Introduction
Ehcache supports the concept of tiered caching. This section covers the different available configuration options. It also explains rules and best practices to benefit the most from tiered caching.
Moving out of heap
The moment you have a tier different than heap in a cache, a few things happen:
-
Adding a mapping to the cache means that the key and value have to be serialized,
-
Reading a mapping from the cache means that the key and value may have to be deserialized.
With these two points above, you need to realise that the binary representation of the data and how it is transformed to and from will play a significant role in caching performance. Make sure you know about the options available in Ehcache 3. Also this means that some configurations, while making sense on paper, may not offer the best performance depending on the real use case of the application.
Single tier setups
All tiering options can be used in isolation.

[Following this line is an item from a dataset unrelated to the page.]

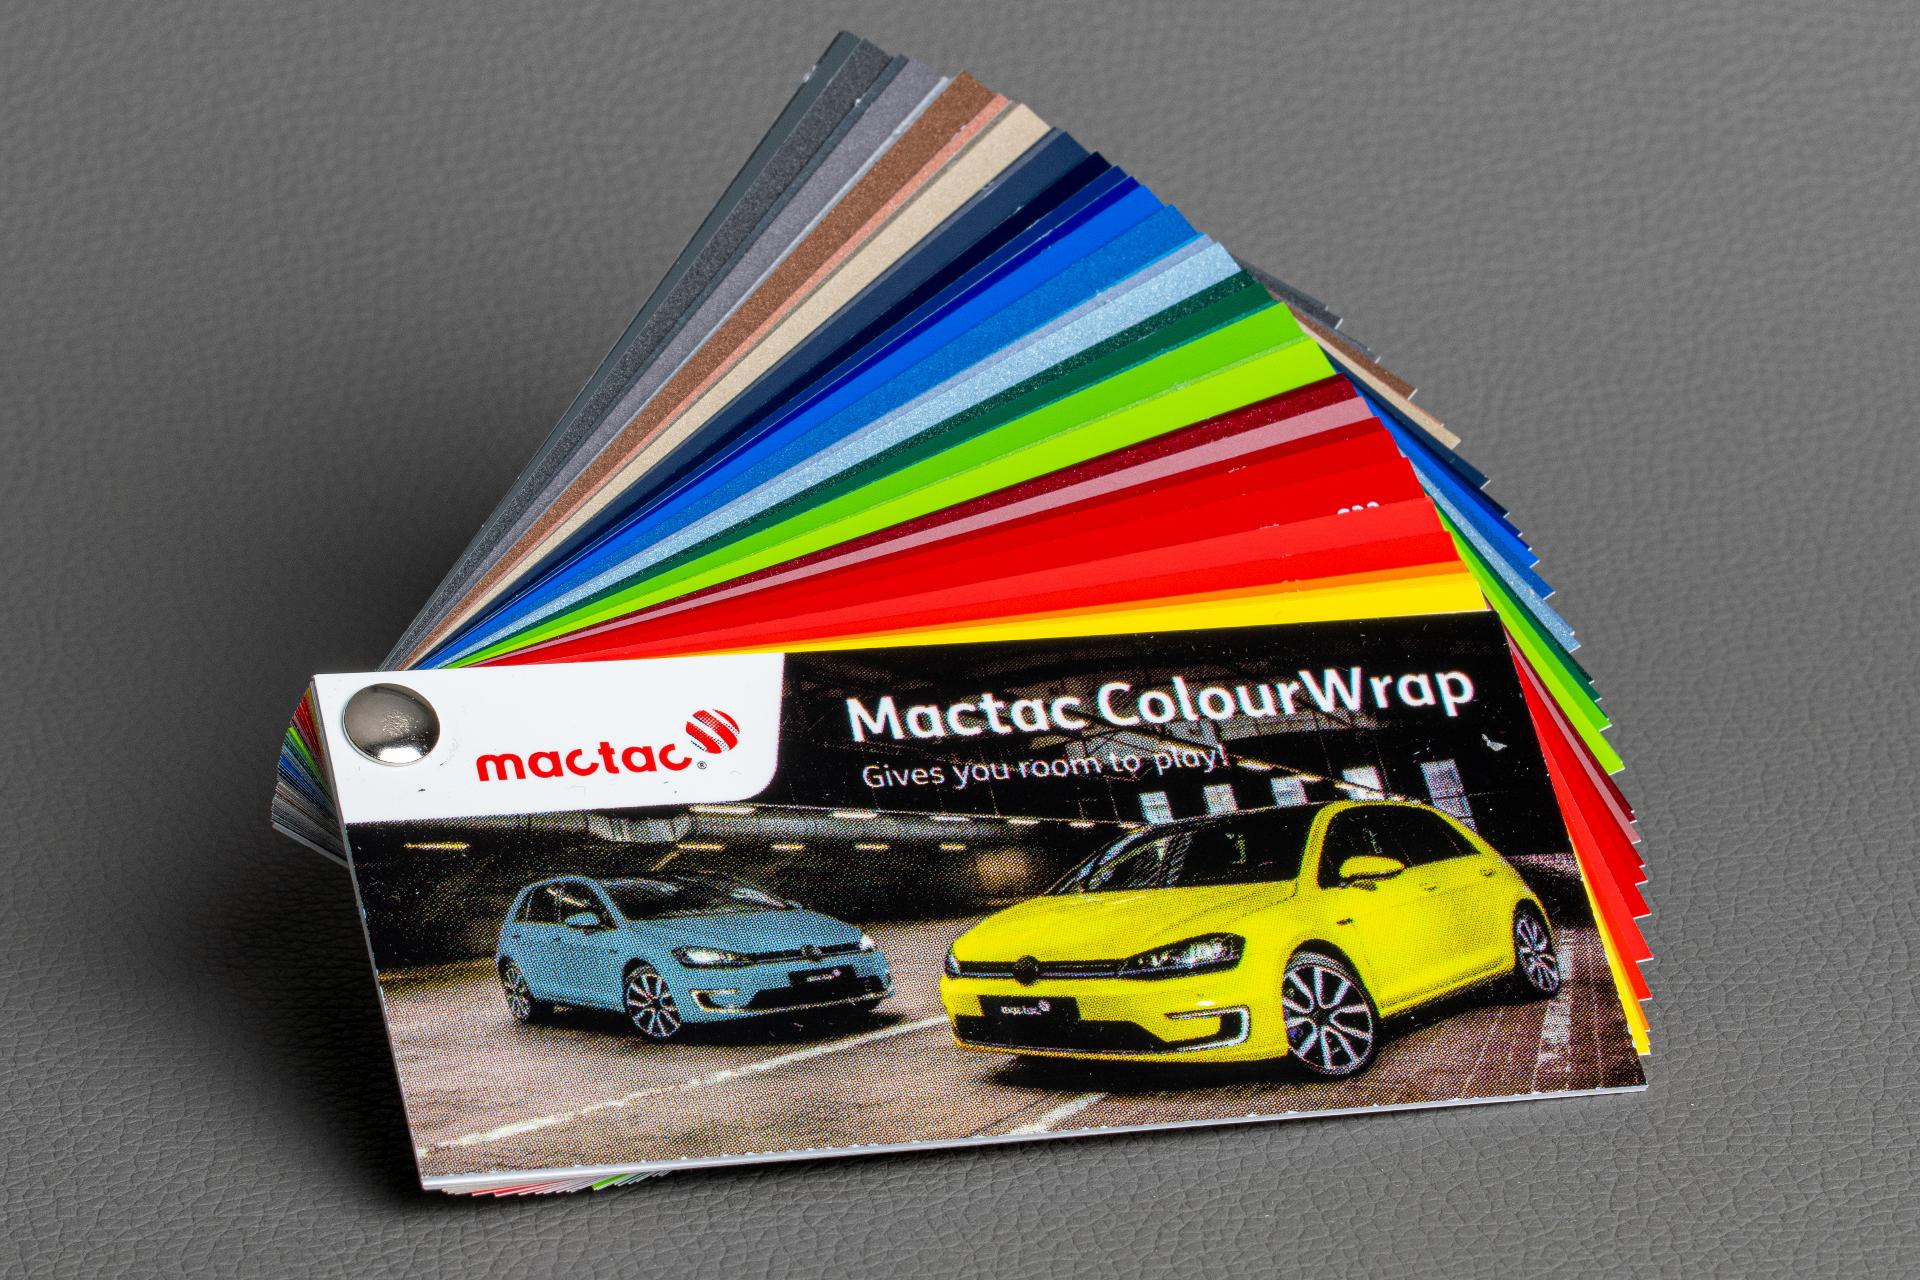 Foto: Farbfächer Mactac ColourWrap
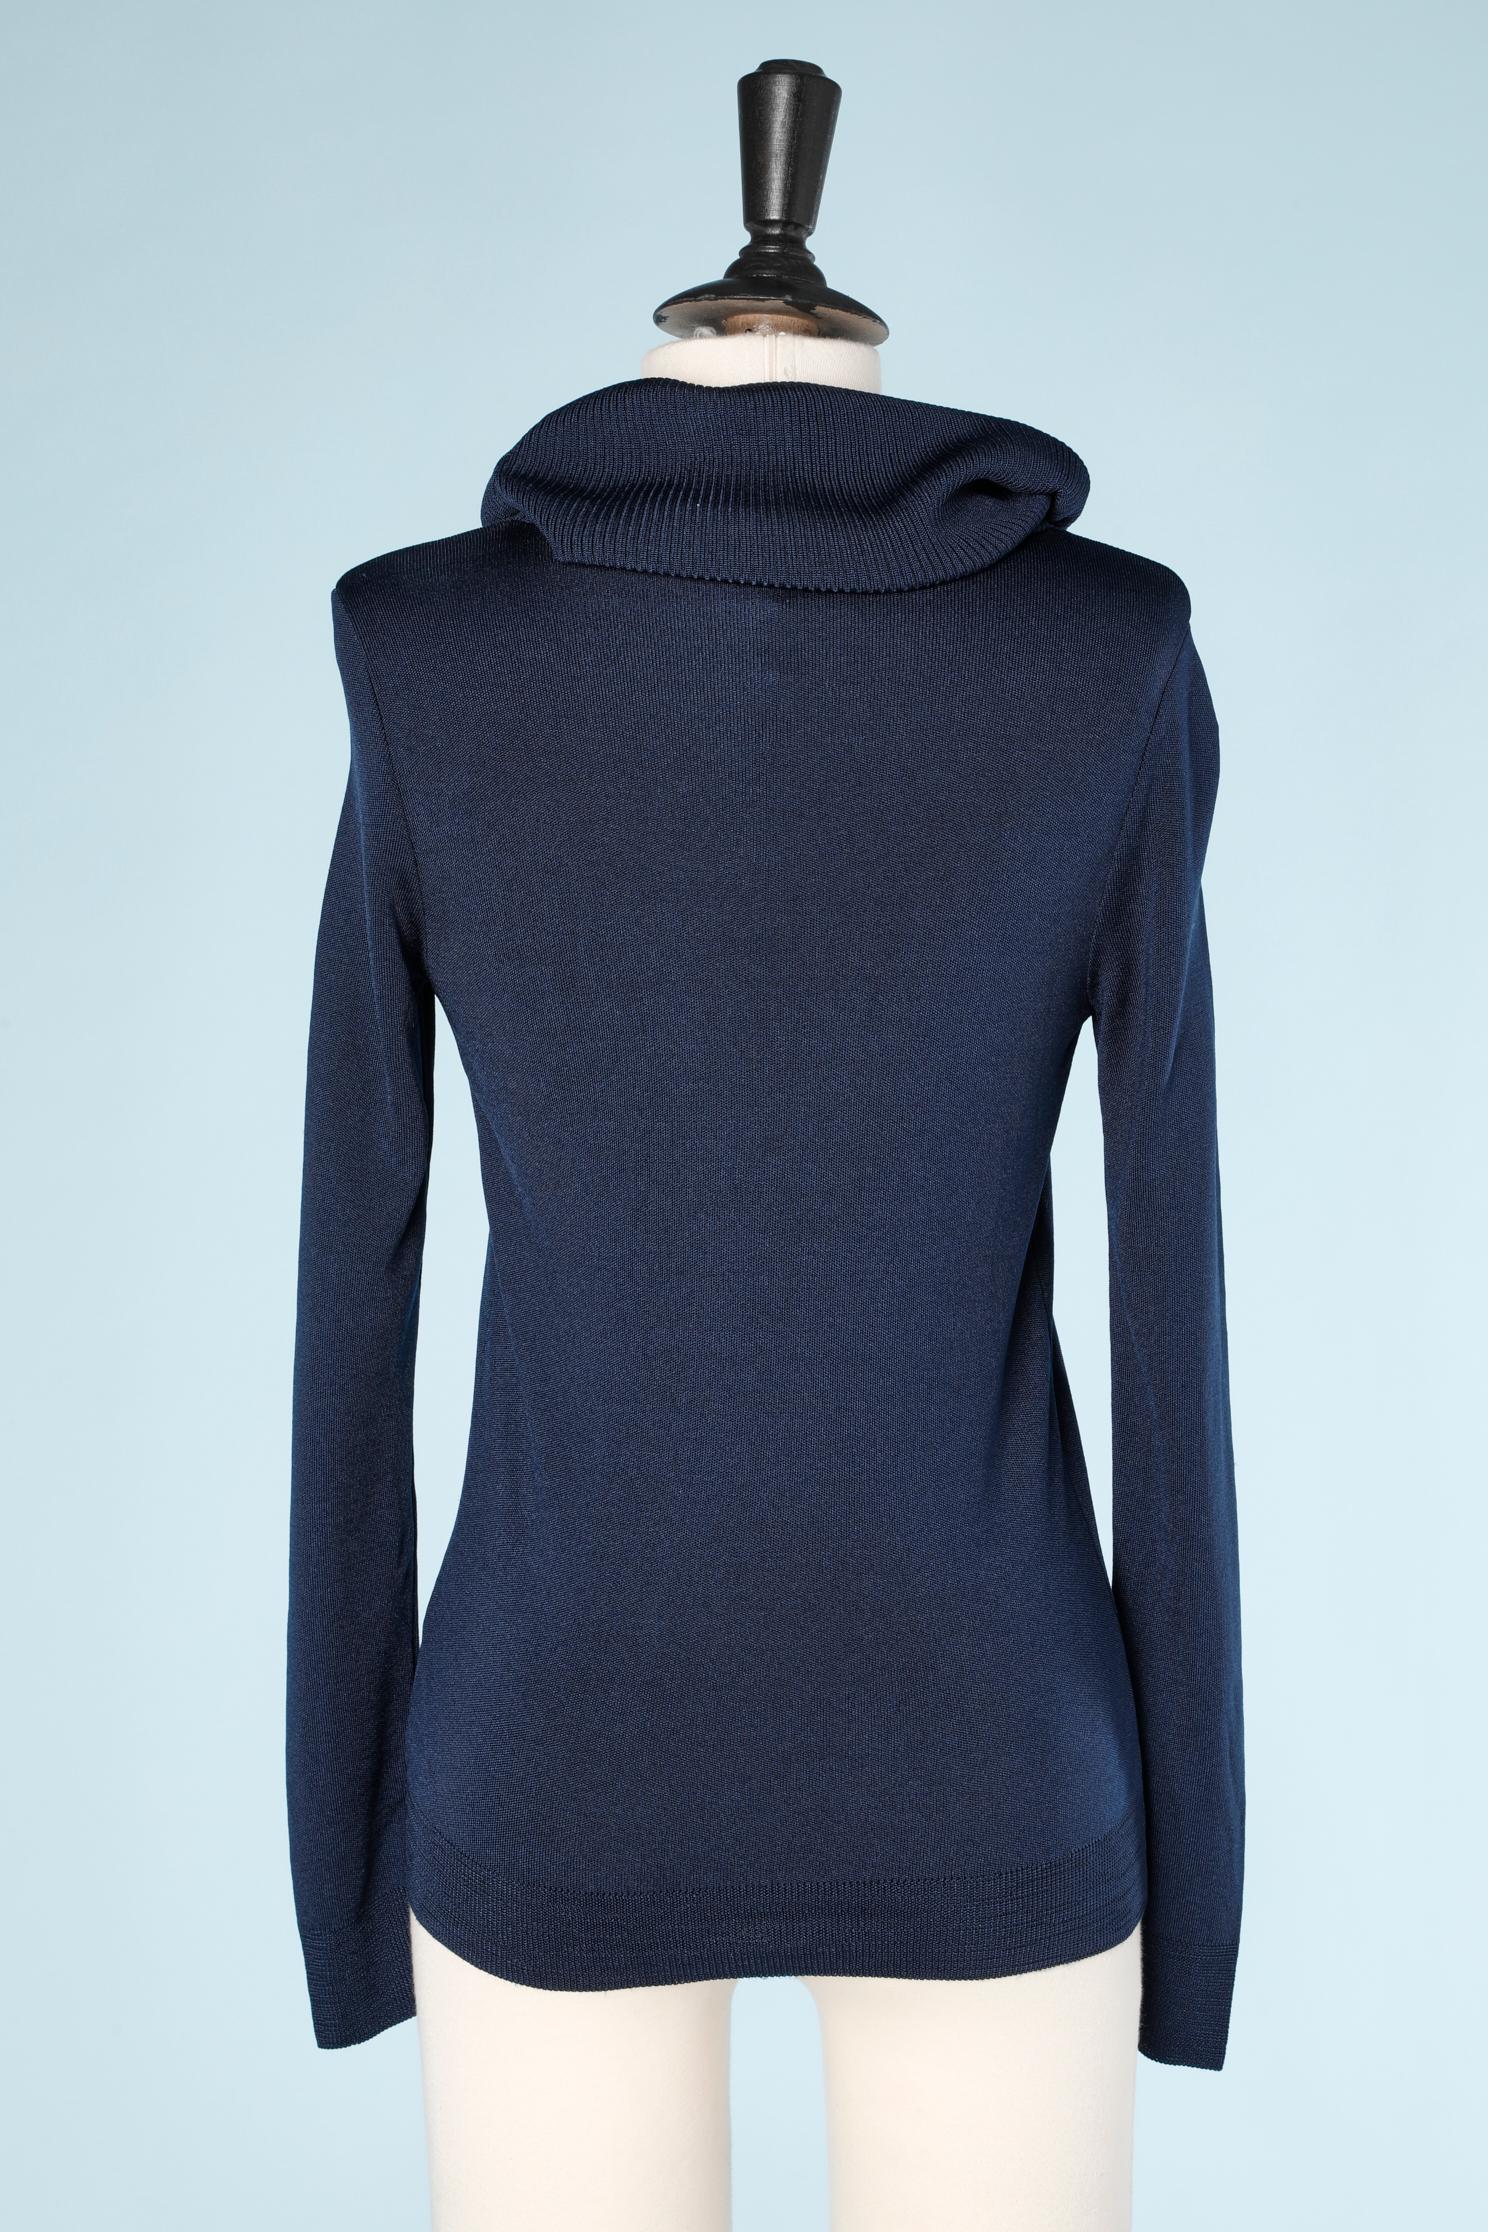 Women's Navy blue turtle neck sweater Pierre Cardin Circa 1970's  For Sale

That means you can have caches with data only in offheap or only clustered for example.
The following possibilities are valid configurations:
-
heap
-
offheap
-
disk
For this, simply define the single resource in the cache configuration:
CacheConfigurationBuilder.newCacheConfigurationBuilder(Long.class, String.class, (1)
ResourcePoolsBuilder.newResourcePoolsBuilder().offheap(2, MemoryUnit.GB)).build(); (2)
1 | Start with defining the key and value type in the configuration builder |
2 | When specifying the resources, just use offheap |
CacheConfigurationBuilder.newCacheConfigurationBuilder(Long.class, String.class, (1)
ResourcePoolsBuilder.newResourcePoolsBuilder()
.with(ClusteredResourcePoolBuilder.clusteredDedicated(2, MemoryUnit.GB))); (2)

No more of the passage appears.